Mas que vi ao final? Uma geração alienada da política, capaz de votar em políticos da direita. Talvez eu não tenha simplesmente conseguido, nessa caminhada, produzir o que é essencial, o encontro com o Outro. Eu sei que generalizo, que eram infindáveis escolas e estudantes, que não posso de fato saber quem toquei e quem não com meus ensinamentos, mas a caminhada me levou, como diz Careri, a ser estrangeiro: visitei escolas dos mais diversos bairros, do Sarandi à Restinga. Nessa errância, aprendi os perigos de propor uma visão de esquerda numa instituição que caminhava para a direita. “Quem navega aprende os perigos do mar e do aproximar-se da costa sem dar com os baixios, mas deve saber onde parar, como construir uma relação com o território onde resolveu fundear, como desembarcar e como falar com a população autóctone, quais sinais enviar, quais palavras dizer, e como comportar-se para não vir a ser morto, evitando ser percebido como hostil, mas sim como hóspede bem-vindo. Quem navega em águas estrangeiras deve ter uma clara visão da modalidade com a qual saudar o Outro, ao ir ao seu encontro” (p.33).

A caminhada na política

Caminho junto ao mar. Eu sei que estou em segurança, mas se a metáfora de navegar e caminhar serve para algo, é para alertar aqueles que ainda estão na luta por um mundo melhor, fazendo sua caminhada, que há muitos perigos pela frente.

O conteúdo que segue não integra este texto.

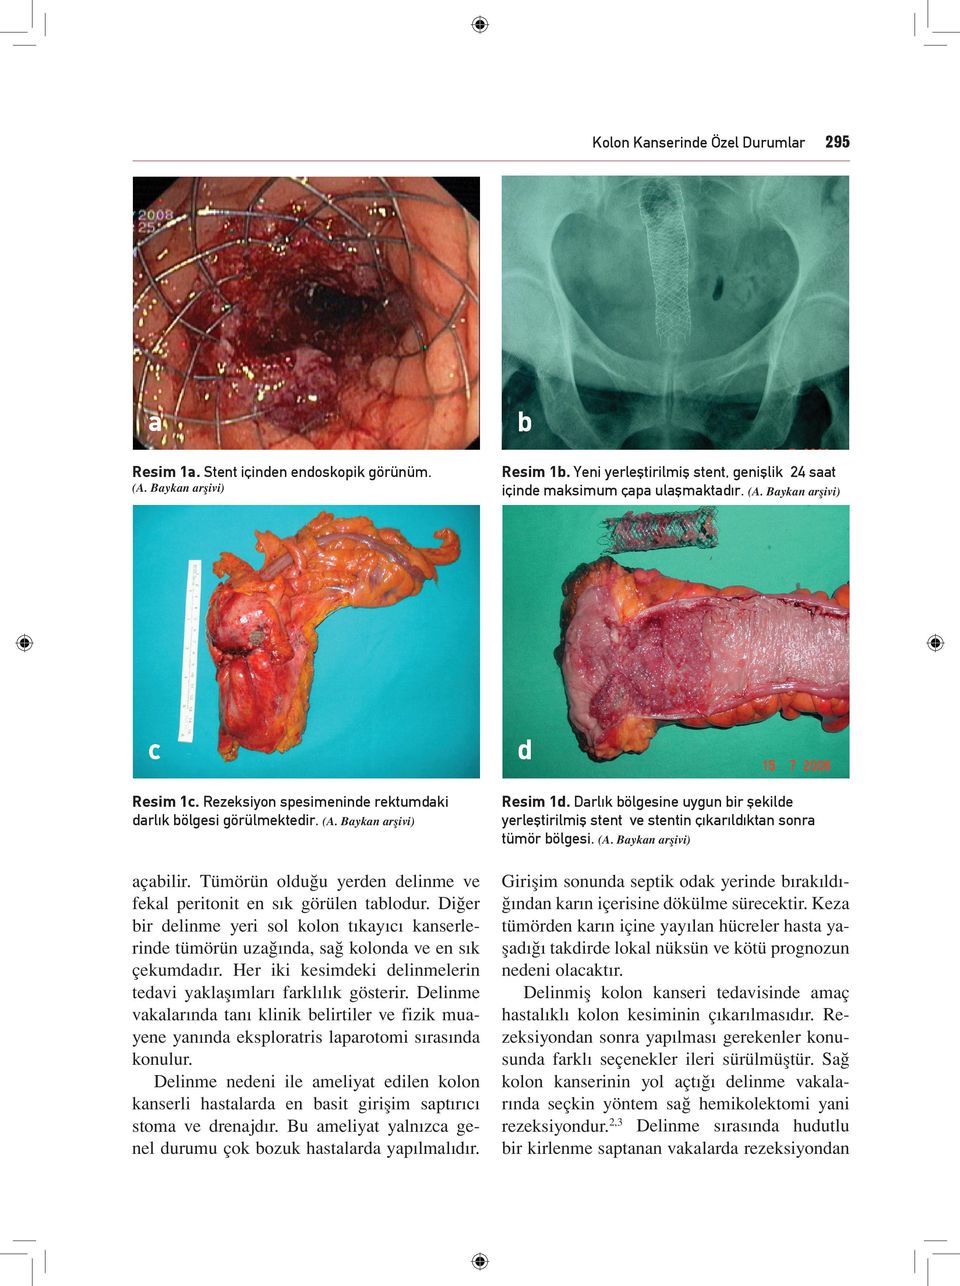 Tümörün olduğu yerden delinme ve fekal peritonit en sık görülen tablodur. Diğer bir delinme yeri sol kolon tıkayıcı kanserlerinde tümörün uzağında, sağ kolonda ve en sık çekumdadır.
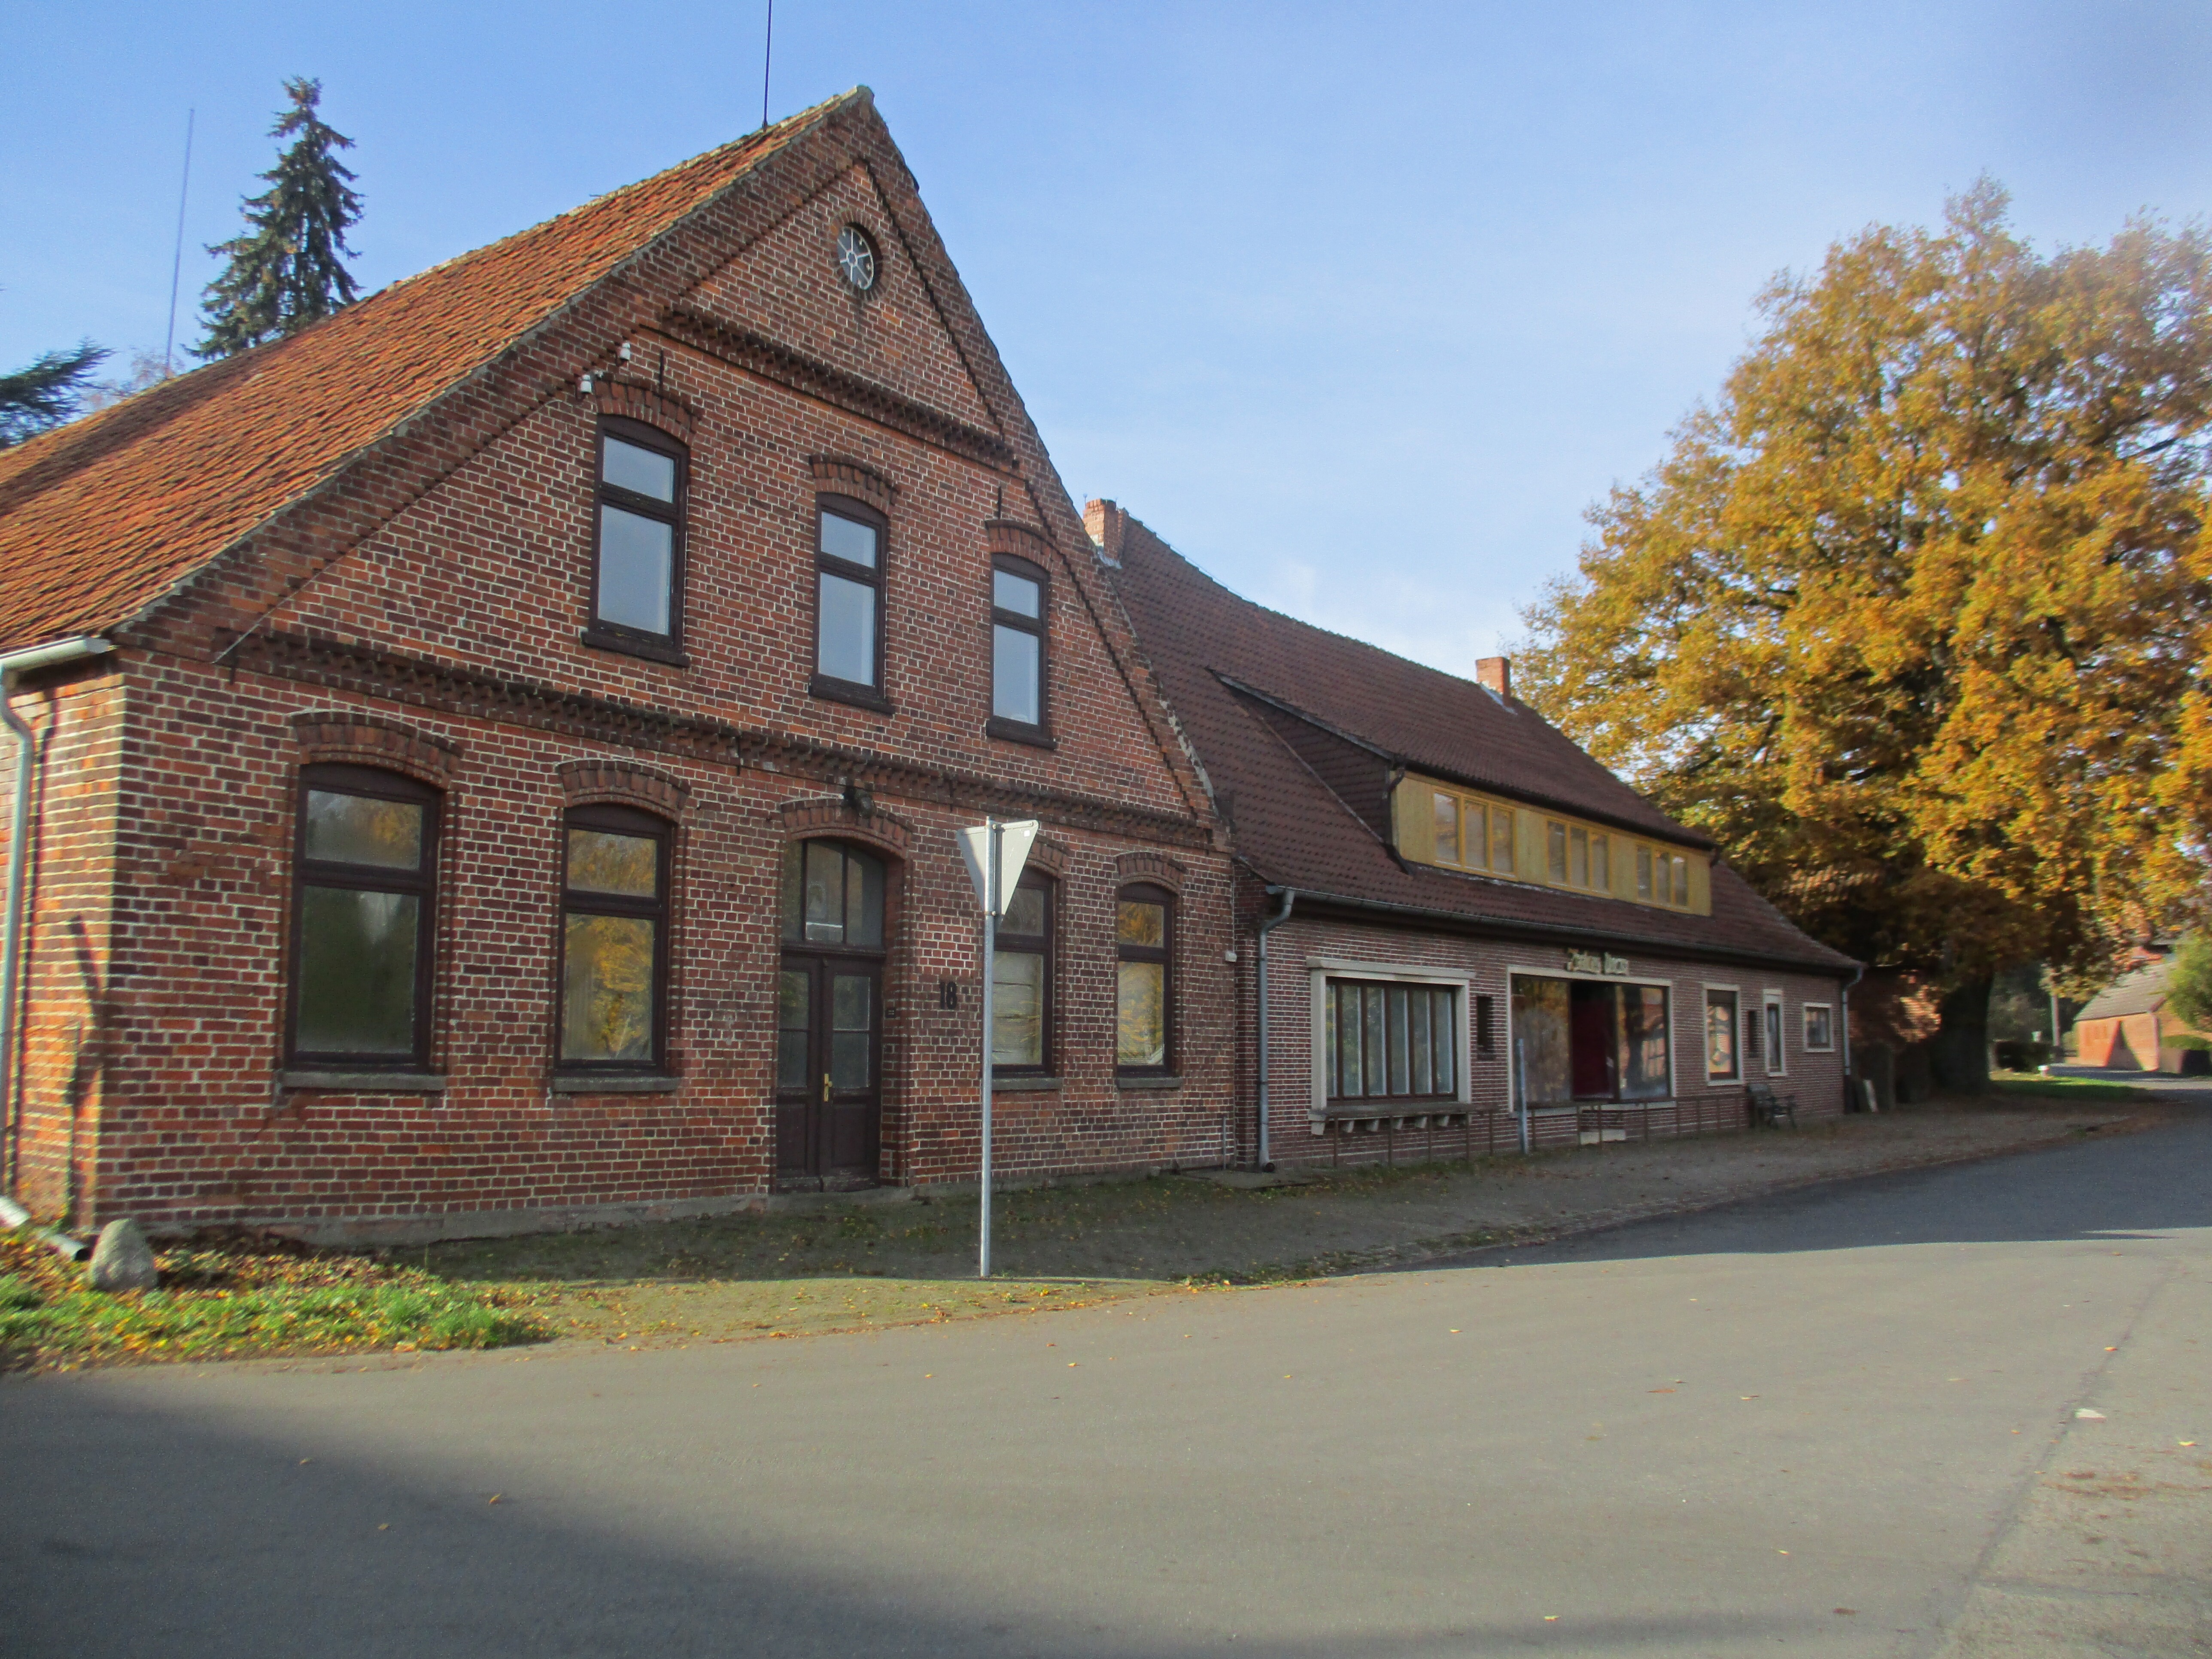 Bahnhofswirtschaft Uenzen in der Samtgemeinde Bruchhausen-Vilsen - Flecken Bruchhausen-Vilsen - OT Uenzen (Kreismuseum Syke CC BY-NC-SA)

Vejo o aspirante a candidato Flávio Bolsonaro anunciar já como pré-proposta, uma reforma previdenciária. Ele não é candidato ainda, mas quer ser; e já tem uma proposta para atrair a direita e os empresários. É contra baixios dessa natureza que a esquerda precisa se movimentar.   Eu, agora, sou apenas um observador da praia, sou um aposentado. Eu vejo no meu caminhar pela praia, em comparação com o navegar do barco do horizonte, graças a Careri, que a esquerda também deve saber onde parar.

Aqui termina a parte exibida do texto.